When your query navigates across a getter which type is a generic parameter, an object or interface then the performance is bad. This is a limitation of the current query system implementation.
// The type of the 'indexedReference' is the generic parameter 'T'. // Due to type type erasure that type is unknown to db4o final List<GenericItemHolder<Item>> result = container.query(new Predicate<GenericItemHolder<Item>>() { @Override public boolean match(GenericItemHolder<Item> o) { return o.getIndexedReference().getIndexedString().equals(criteria); } });
All string operations beside the simple equals operation cannot use indexes at the moment. Therefore all string operations like contains, like, starts with etc. run slowly. Advanced string operations are not translated to SODA and therefore run even more slowly.
final List<Item> result = container.query(new Predicate<Item>() { @Override public boolean match(Item o) { return o.getIndexedString().contains(criteria); } });
The native query optimizer doesn't recognize date comparison and therefore such queries run extremely slow. You should fall back to SODA for date queries.

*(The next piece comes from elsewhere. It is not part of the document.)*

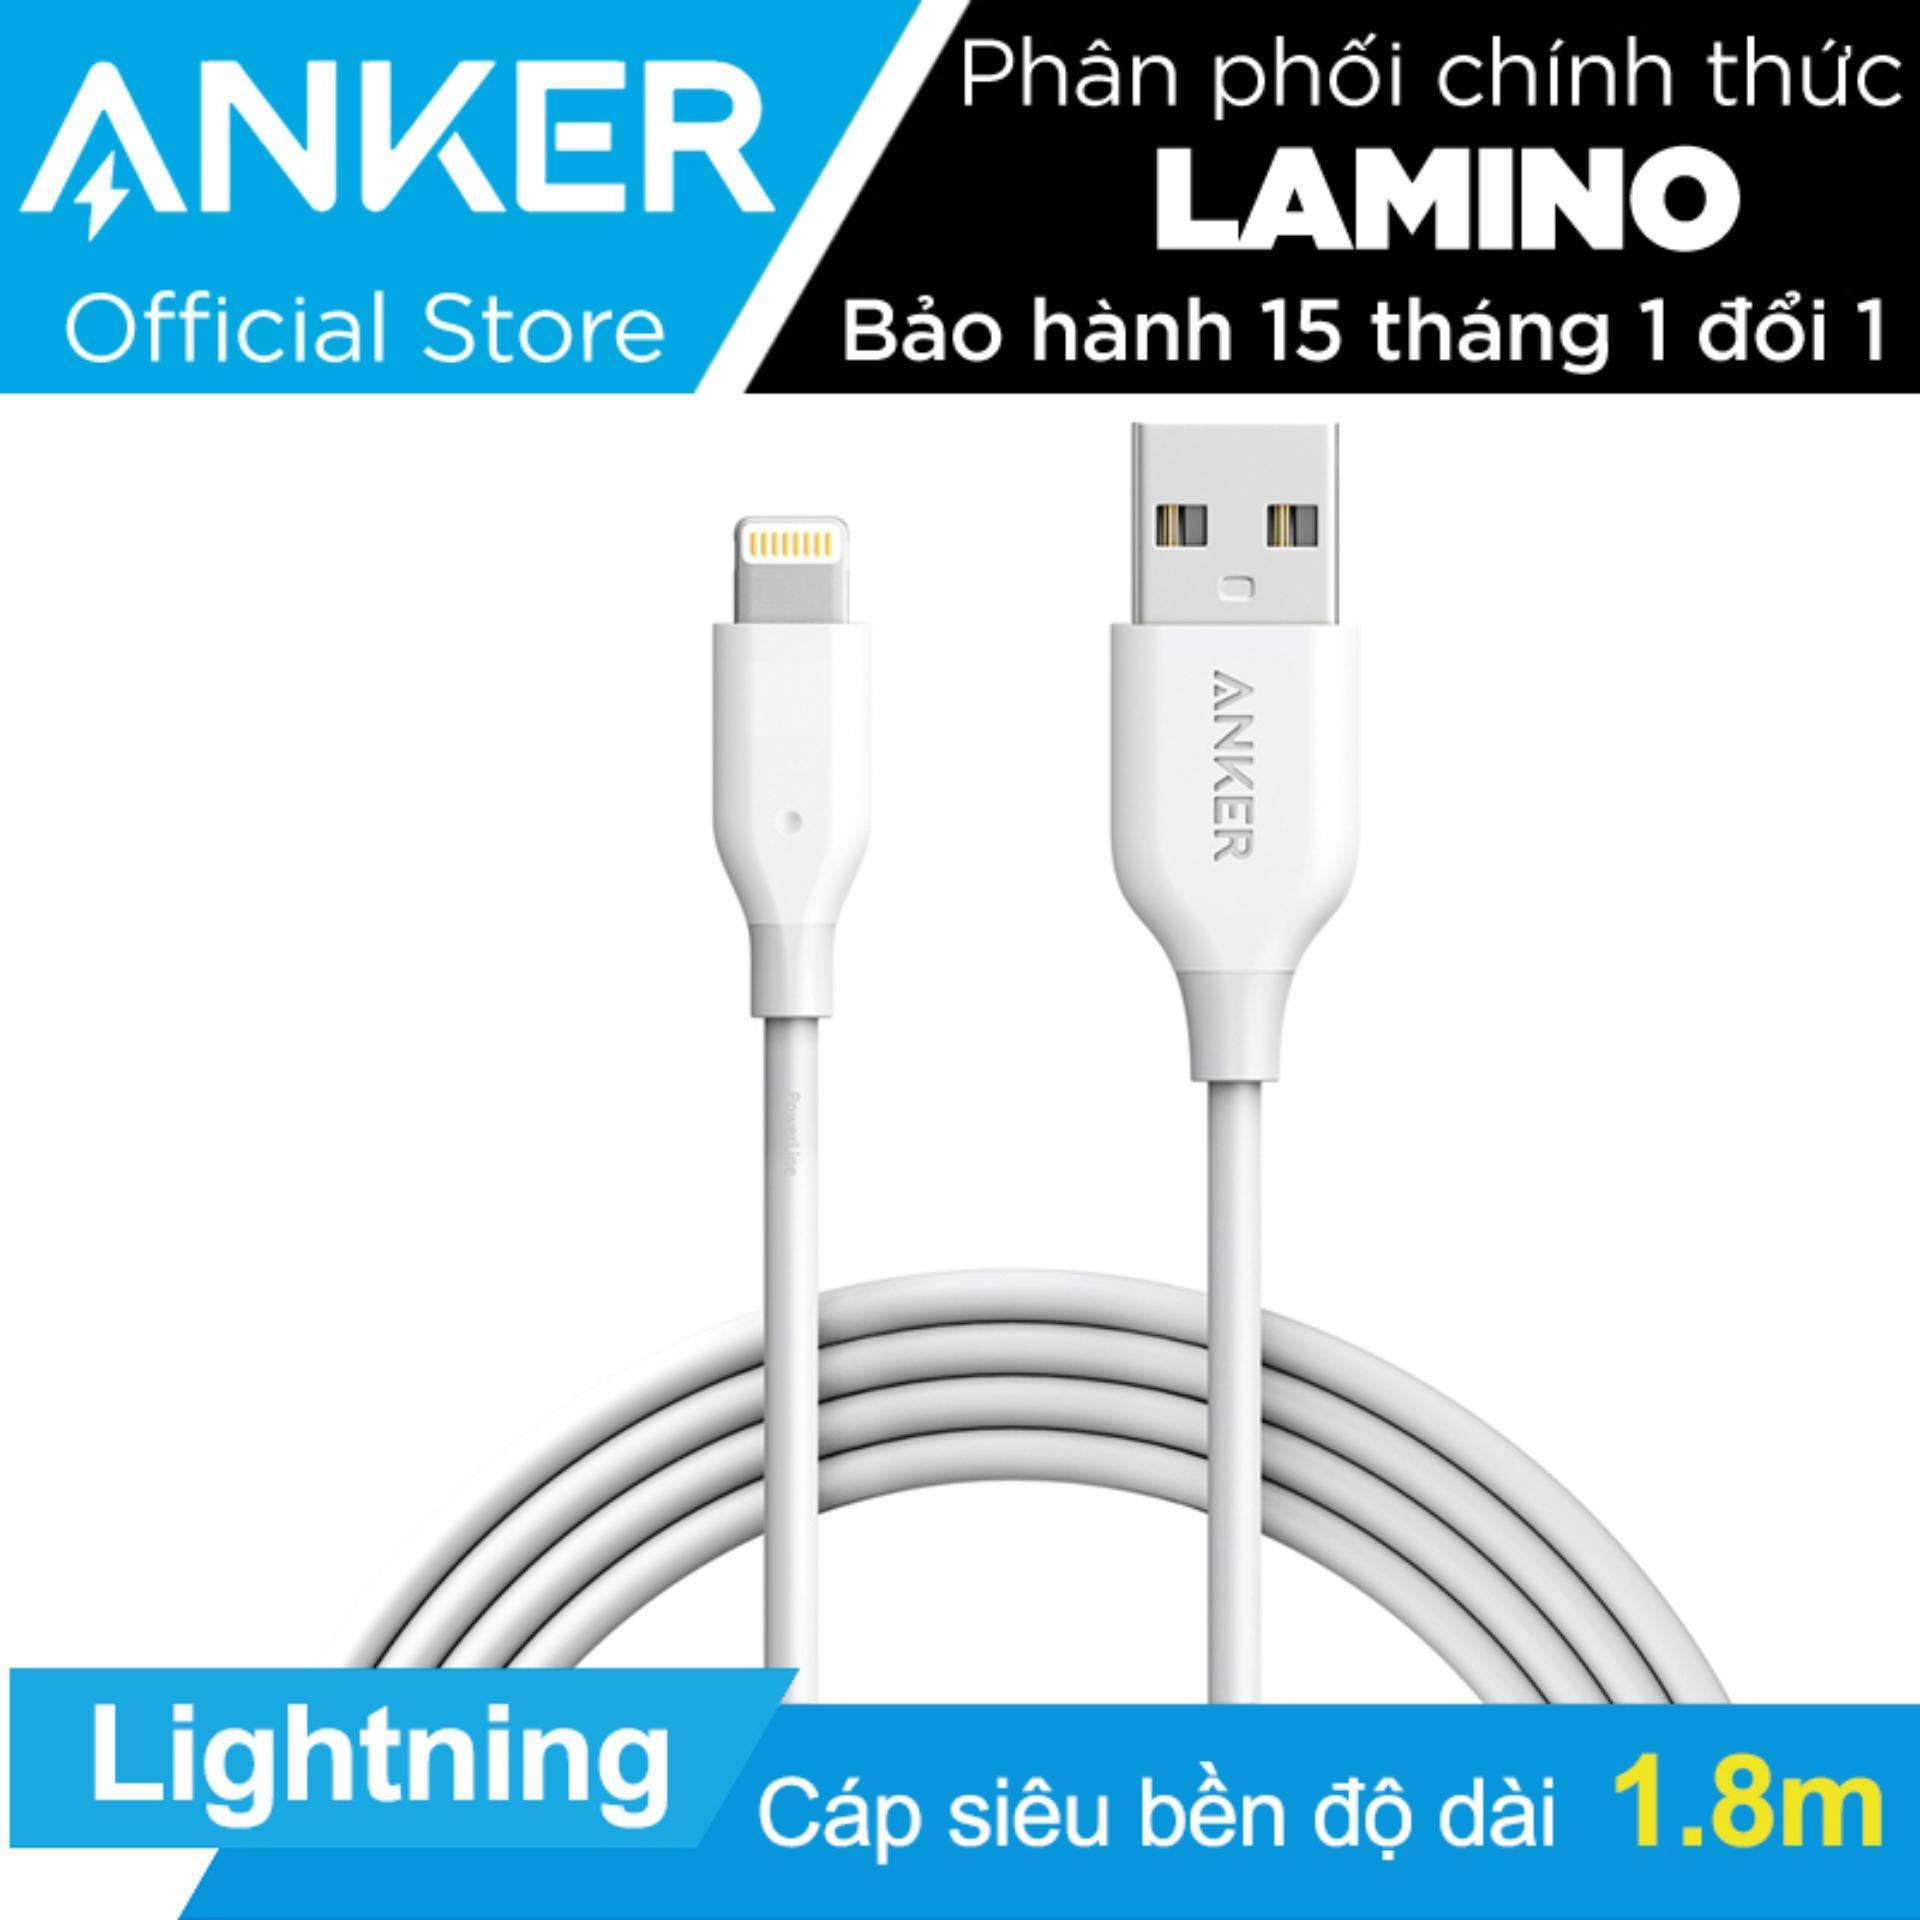 Giá Bán Cap Sạc Sieu Bền Anker Powerline Lightning 1 8M Cho Iphone Ipad Ipod Trắng Hang Phan Phối Chinh Thức Nguyên

final List<Item> result = container.query(new Predicate<Item>() { @Override public boolean match(Item o) { return o.getIndexDate().after(date); } });
Any query which does contains operations on collections/arrays or navigates across a collection/array field will run slowly. The reason is that db4o cannot index collections. Furthermore the native query optimizer may doesn't recognize such a query and just loads all objects to process the query.
final List<CollectionHolder> result = container.query(new Predicate<CollectionHolder>() { @Override public boolean match(CollectionHolder o) { return o.getItems().contains(item); } });
When you do a computation in a query expression, then the native query optimizer cannot optimize your query. In that case it will load all objects in order to execute your query.
final List<Item> result = container.query(new Predicate<Item>() { @Override public boolean match(Item o) { return o.getIndexedString().equals("data for " + number); } });
Therefore you should move any computation outside of the query. Like this:
final String criteria = "data for " + number; final List<Item> result = container.query(new Predicate<Item>() { @Override public boolean match(Item o) { return o.getIndexedString().equals(criteria); } });
Calling complex methods in native queries is a bad idea. Most of the time the native query optimizer cannot deal with a complex method and will load all objects to execute the query.
final List<Item> result = container.query(new Predicate<Item>() { @Override public boolean match(Item o) { return o.complexMethod(); } });
The best indication that a query is slow is when it cannot use any field index. Install a diagnostic listener and look for the LoadedFromClassIndex message. That message indicates that a query couldn't use any field index for its execution.
For native queries another indication is when the 'NativeQueryNotOptimized' or the 'NativeQueryOptimizerNotLoaded' diagnostic message occurs. Watch out for those as well.